We are jumping around but Medical Director (MD) is topical at the moment because it’s up for sale again after nearly four years with it’s private equity master Affinity, and it has simultaneously made a fairly big fuss around its entry into the potentially lucrative UK market.

MD is an obvious candidate for the top 10 platforms list as it is arguably one of the top three current ‘platform in waiting businesses’. By that we mean patient management systems which have over the years achieved significant market share of doctors desktops, have started to connect these desktops in rudimentary ways, but inevitably it seems, will have most of their doctors operating in a connected hybrid cloud/server or fully cloud based system. Spoiler alert on the other two in this elite crew (not): Best Practice, the other major GP offering, and Genie, the major specialist offering.
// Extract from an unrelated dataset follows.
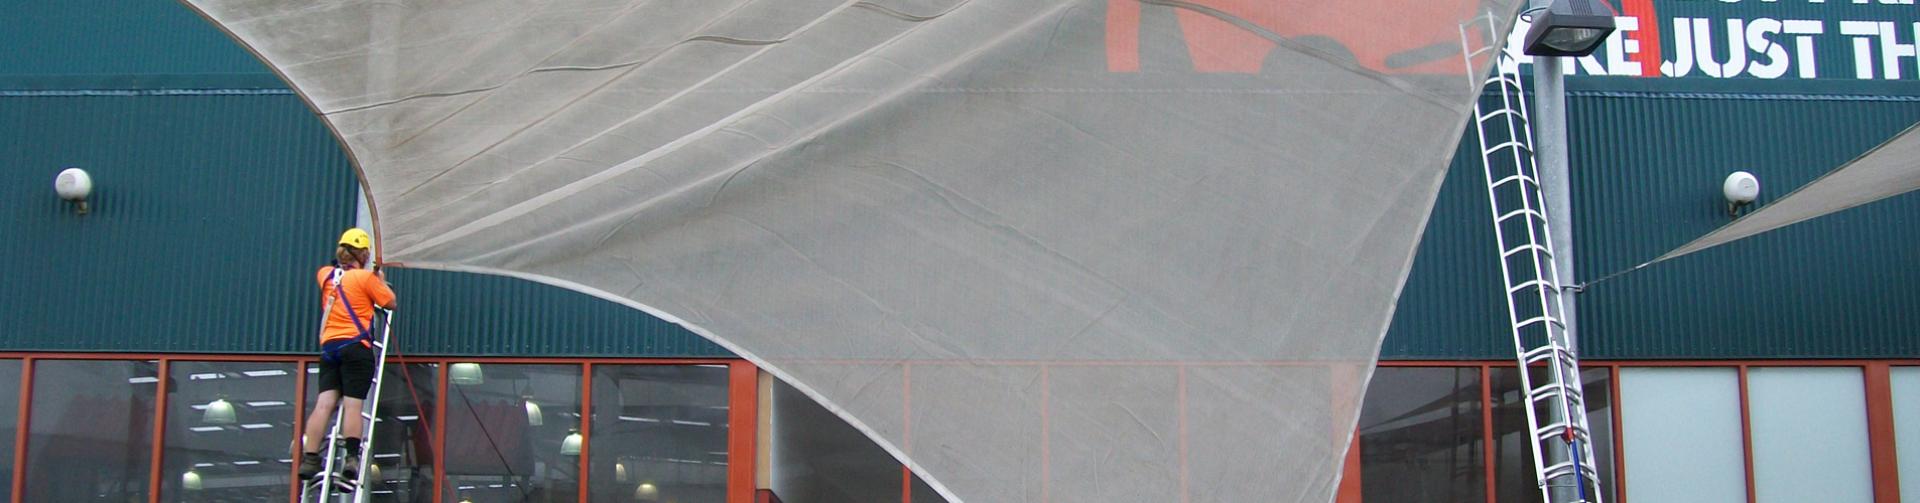 Banner Six

The mystery left is who is above MD now if they are only No 4?

The potential of each of these businesses to become platforms is a long way above almost anything else on the market because they are already electronic gateways and they all form a core part of a doctors daily work cycle. The early comparisons to businesses like Xero weren’t for no reason, but it turns out, getting to be a platform in medicine is much much harder than in accounting.

Affinity has owned MD for coming up to four years now and private equity firms like to sell within five years if they can. But MD’s core performance since it was acquired by Affinity has been plagued by a failure of its cloud-based product Helix to gain traction, and by aggressive and clever competition, which seems to have depleted its market share for its core desktop product.
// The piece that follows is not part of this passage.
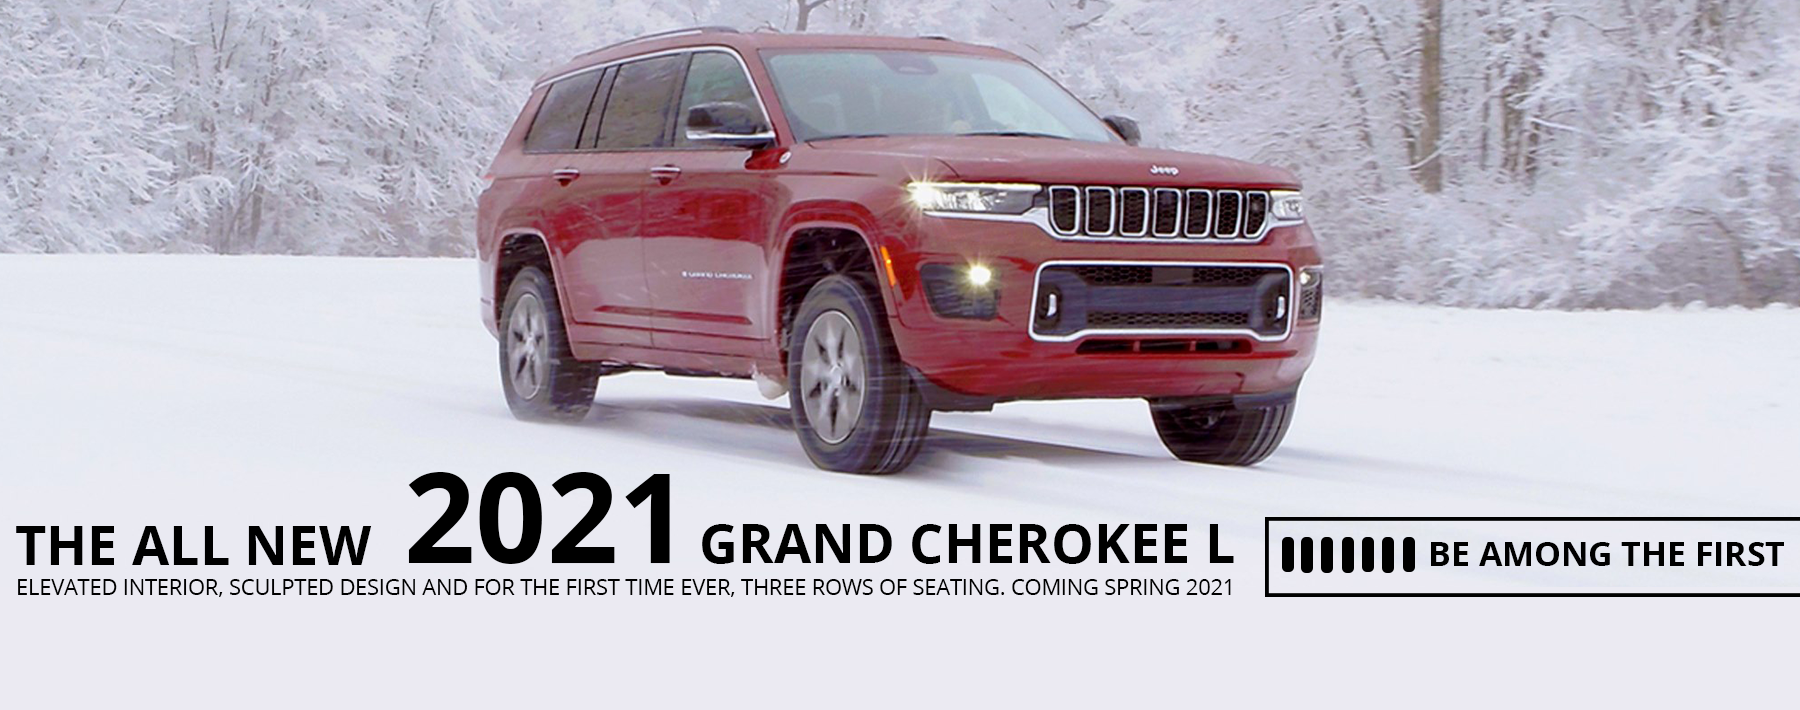 JeepGrandCherokeeL2021_LearnMore (2)

So what might happen here, given a significant proportion of Australian GPs are MD customers and this looks like it could be a defining moment for the software group? Indeed it’s a moment where, if they choose the right new owner, and make it in the UK somehow, they could easily make a leap to the top of this list.
MD began it’s life as far back as 1990 in the study of a Bundaberg-based doctor, and part-time software coding enthusiast, Dr Frank Pyefinch, who was frustrated with the work involved in manually processing prescriptions. It started as Dr Pyefinch’s personal system and got its name and first customer in 1992.
Although technically not the first software system to help doctors prescribe, it quickly became the largest and most used in Australia. At one point it probably controlled nearly 90% of all the desktops of GPs in Australia who used an electronic PMS.
For a brief period it became a part of the dotcom boom of the early 2000s. It was acquired by a start-up called Health Communication Network (HCN) for about $6m in 1998-99. Seven years later, Primary Health Care stumped up some $111m to buy HCN (at $1.20 per share) but before that happened the value of HCN, whose only meaningful asset was MD, had at one point hit $4.20 a share, valuing the company at nearly half a billion dollars.
Interestingly, MD has been the only PMS system in Australia that has entered the realms of such lofty valuations. And although the half billion tag was a dot com anomaly, most analysts believe that if any one system can link doctors across a cloud based platform, and be the gatekeeper of vital patient an doctor behaviourial data, such a system would easily exceed one billion in value. That is presumably why Affinity paid so much for MD a few years back.
But even given when Primary CEO Ed Bateman paid $111m for MD, nearly everyone felt he had paid way over the money for MD.
Dr Pyefinch left HCN one year before the Primary sale, frustrated at the direction HCN was taking the product, and the investment being returned to the product. A year later he started Best Practice. His premise was simple. Be the most customer-centric PMS on the market – love doctors and what they want and be a GP-led business. As a GP himself, and one who loved the sector and technology enablement for doctors, he felt he was at a distinct advantage.
When MD was sold to private equity firm Affinity just three and half years ago there were a few surprised faces at the $155m price tag. Surprised because by that time, Best Practice had firmly established itself as another major system offering, with a share of market nearly the same as MDs. Telstra had been a buyer before Affinity swooped in, but only of 50% and at a price nearly 33% lower than Affinity paid. In addition, new cloud-only vendors such as MediRecords and Clinic to Cloud had entered the market.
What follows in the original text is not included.